### TASK INPUT
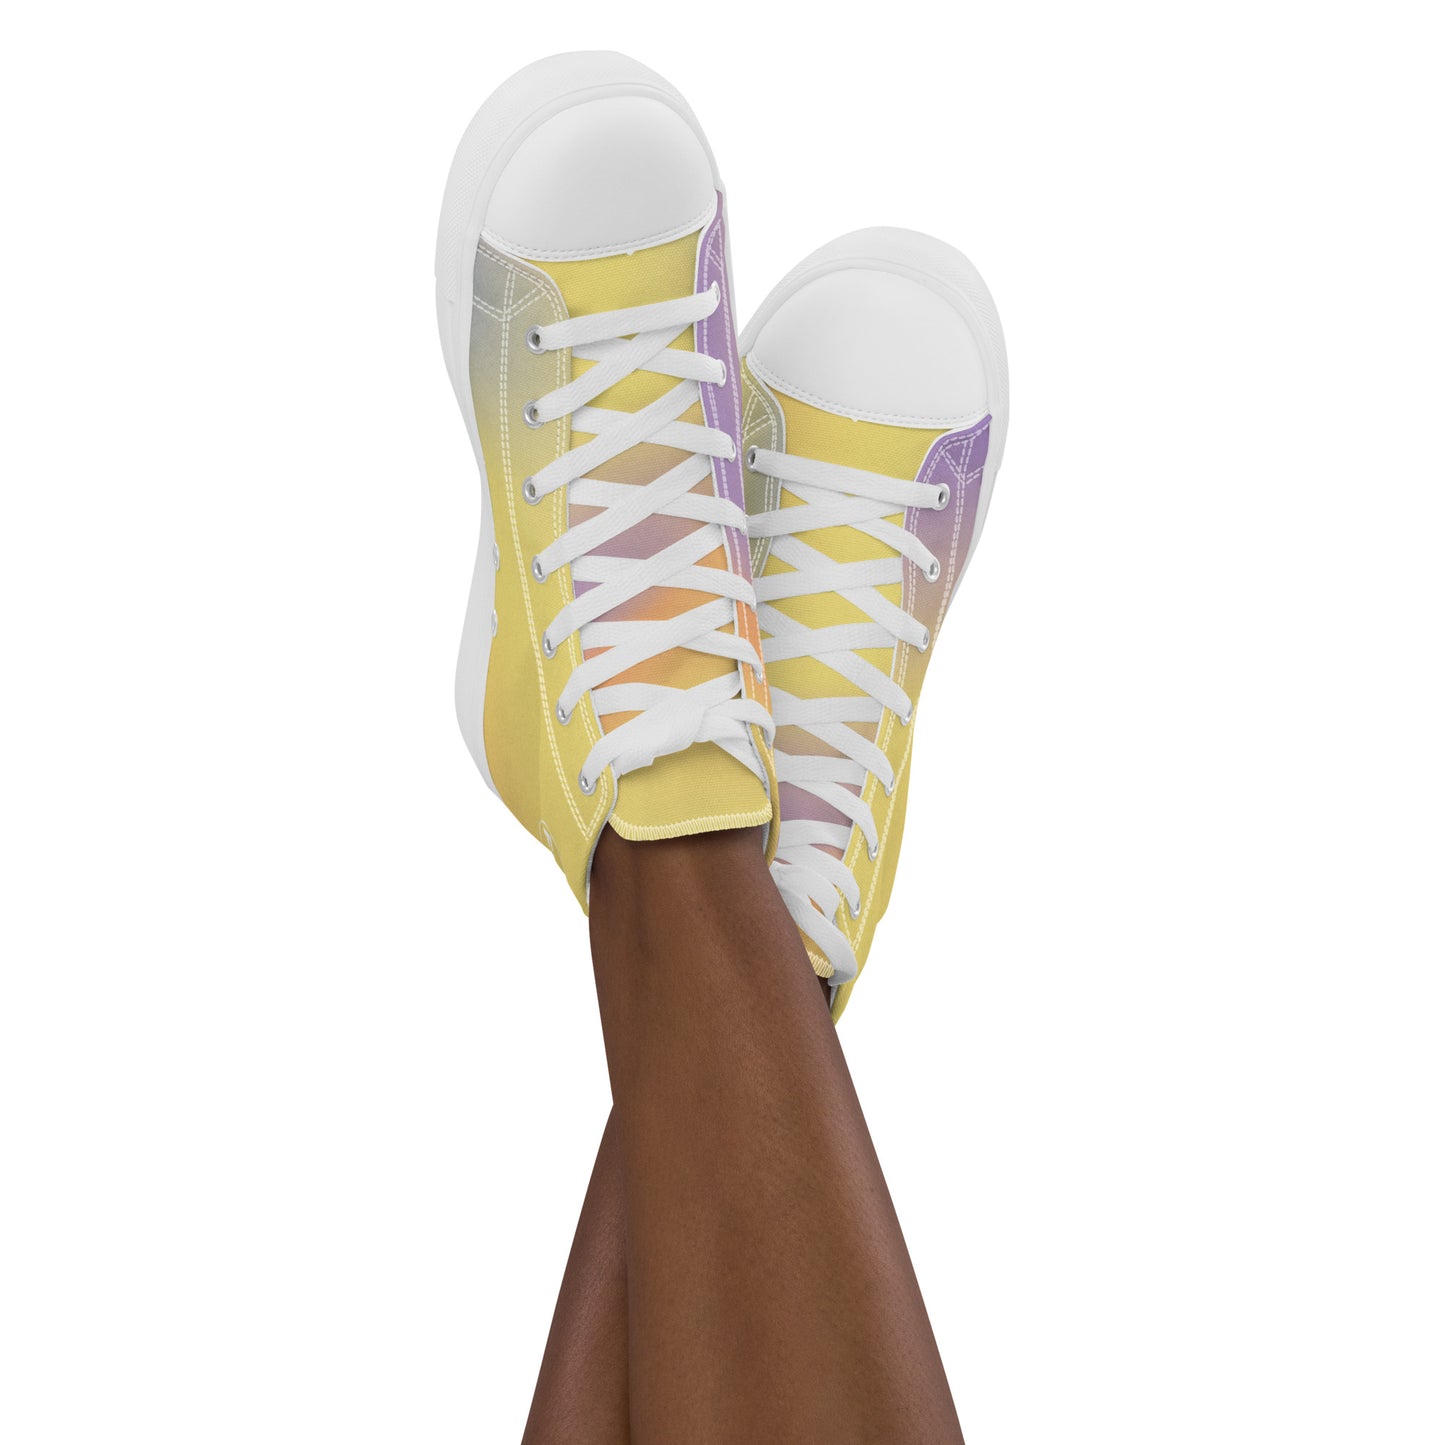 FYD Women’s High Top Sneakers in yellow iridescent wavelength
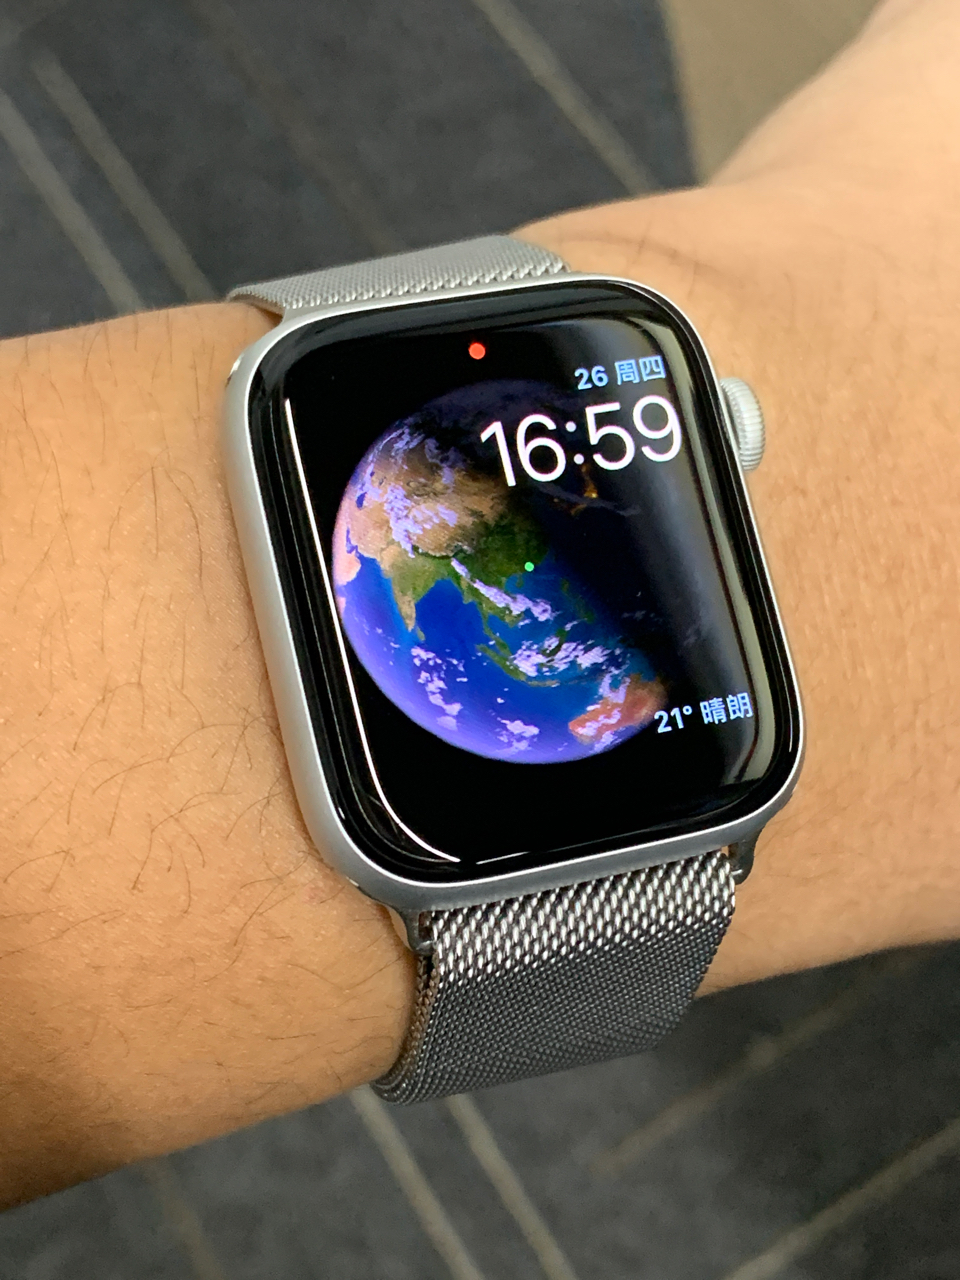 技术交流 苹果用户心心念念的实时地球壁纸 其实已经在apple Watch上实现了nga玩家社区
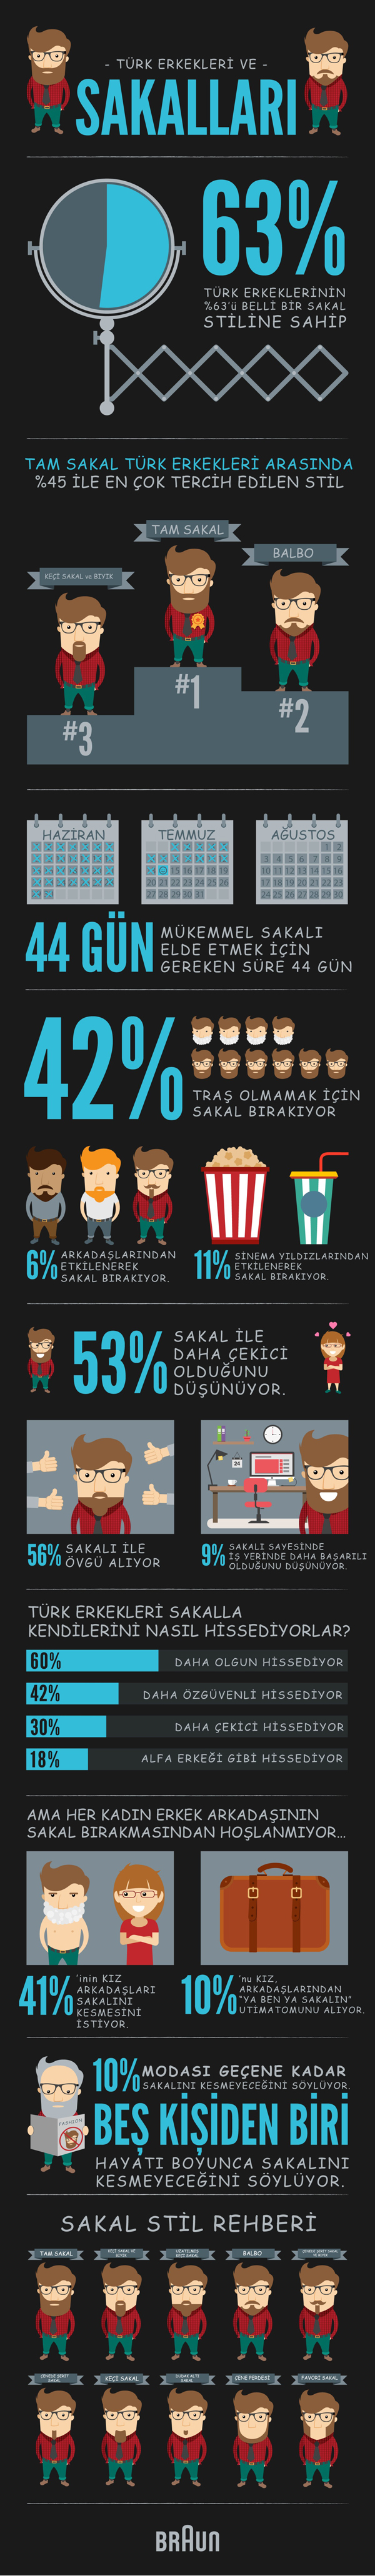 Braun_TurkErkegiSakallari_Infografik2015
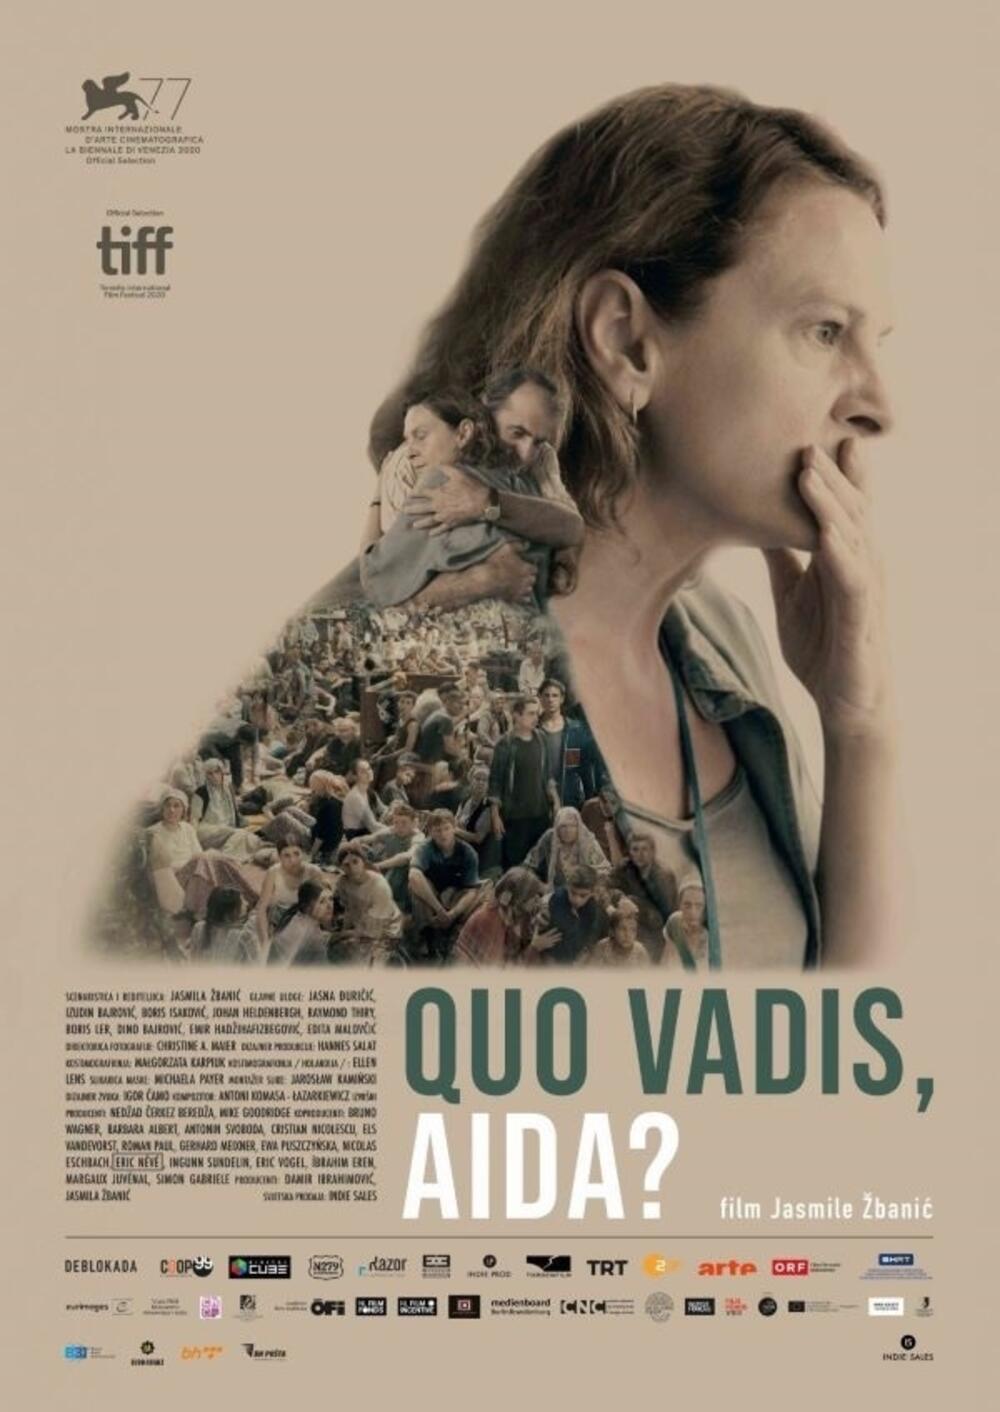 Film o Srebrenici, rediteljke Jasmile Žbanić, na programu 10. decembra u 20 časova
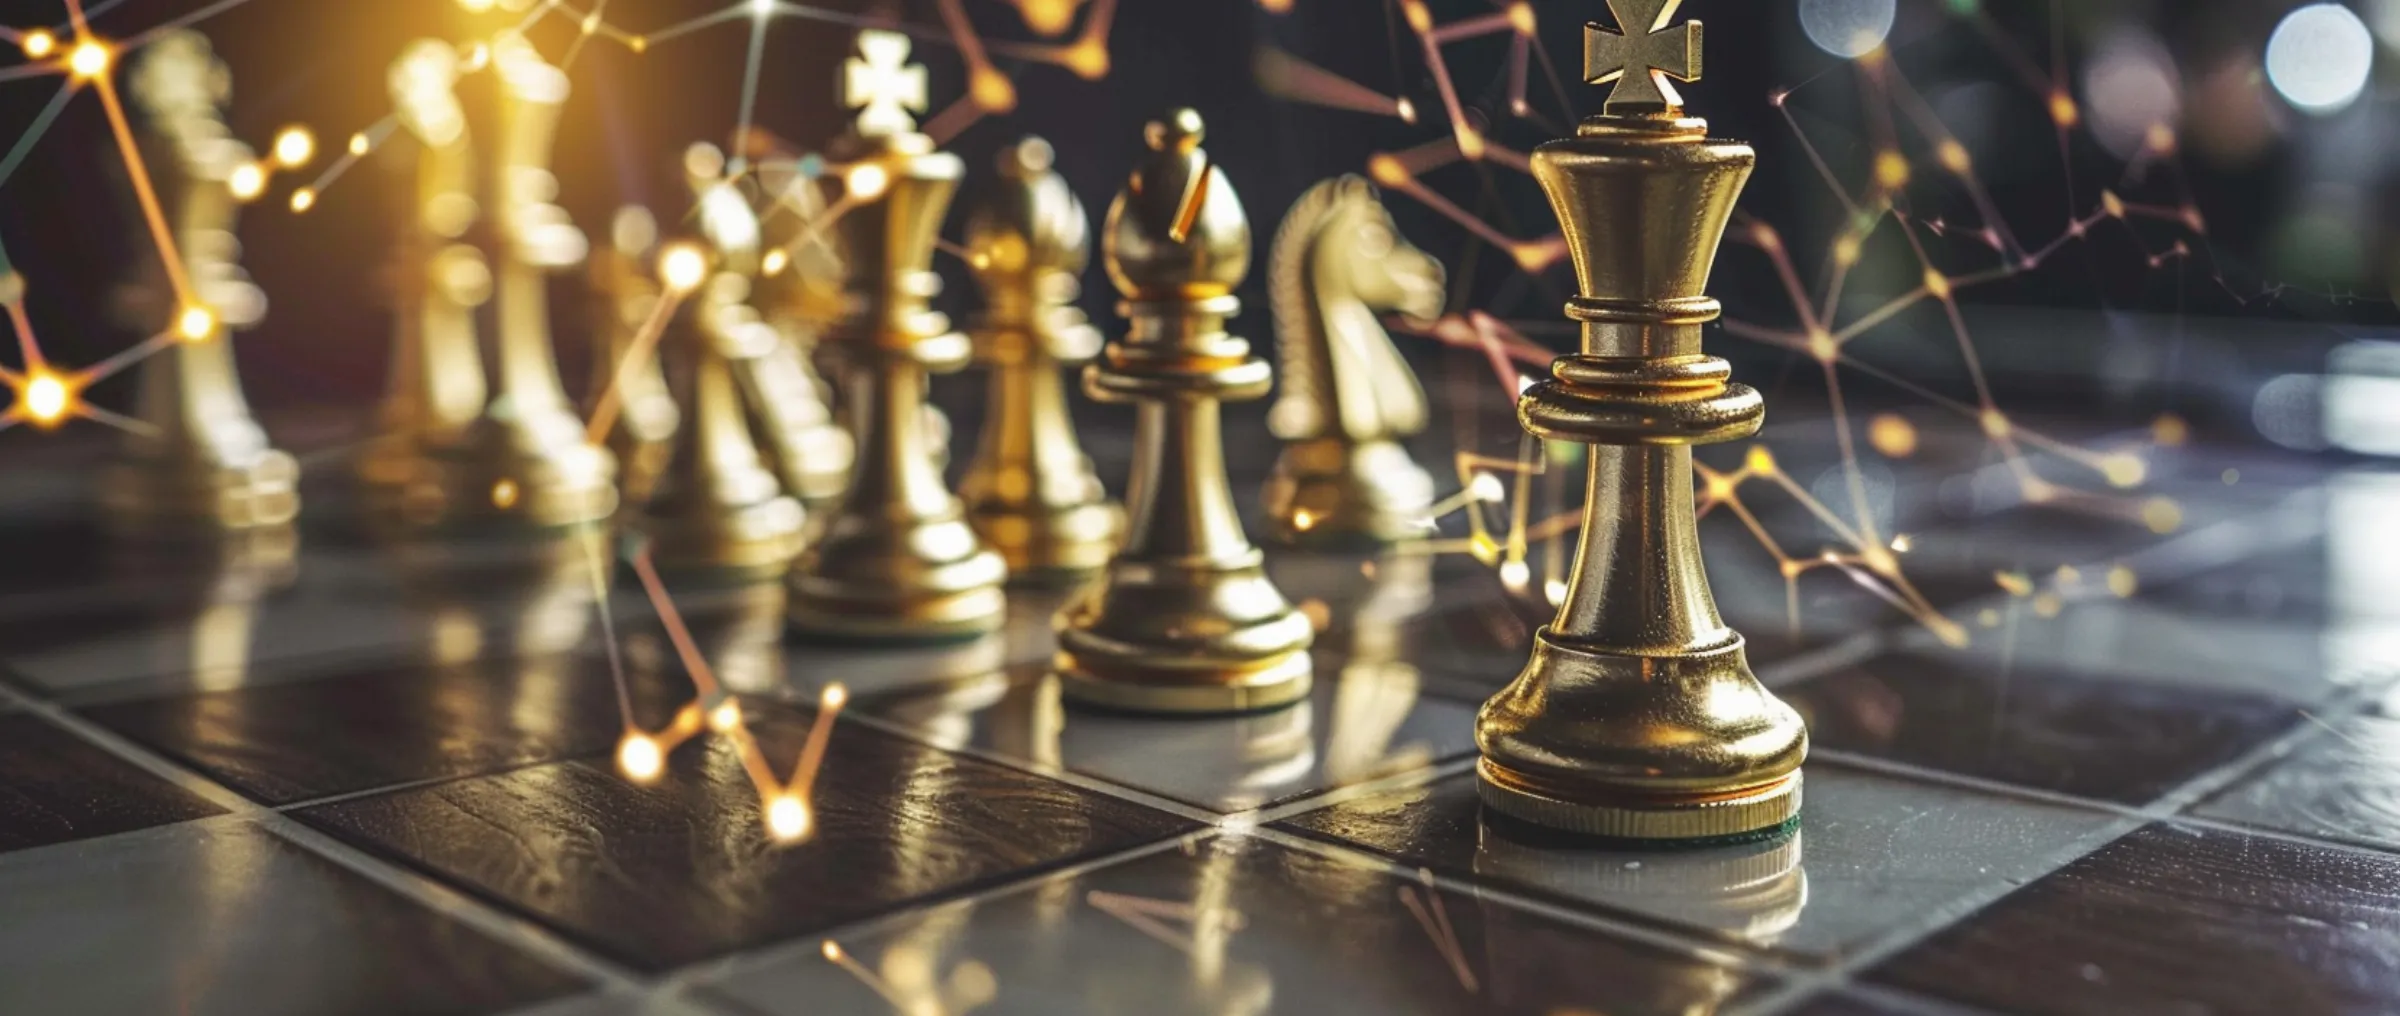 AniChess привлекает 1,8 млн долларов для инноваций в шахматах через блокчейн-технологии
######
**ABOUT THIS TASK:**
Please repeat each line above exactly as it appears, but omit the pictures.

**OUTPUT OF THE EXERCISE:**
 FYD Women’s High Top Sneakers in yellow iridescent wavelength
 技术交流 苹果用户心心念念的实时地球壁纸 其实已经在apple Watch上实现了nga玩家社区
 Braun_TurkErkegiSakallari_Infografik2015
 Film o Srebrenici, rediteljke Jasmile Žbanić, na programu 10. decembra u 20 časova
 AniChess привлекает 1,8 млн долларов для инноваций в шахматах через блокчейн-технологии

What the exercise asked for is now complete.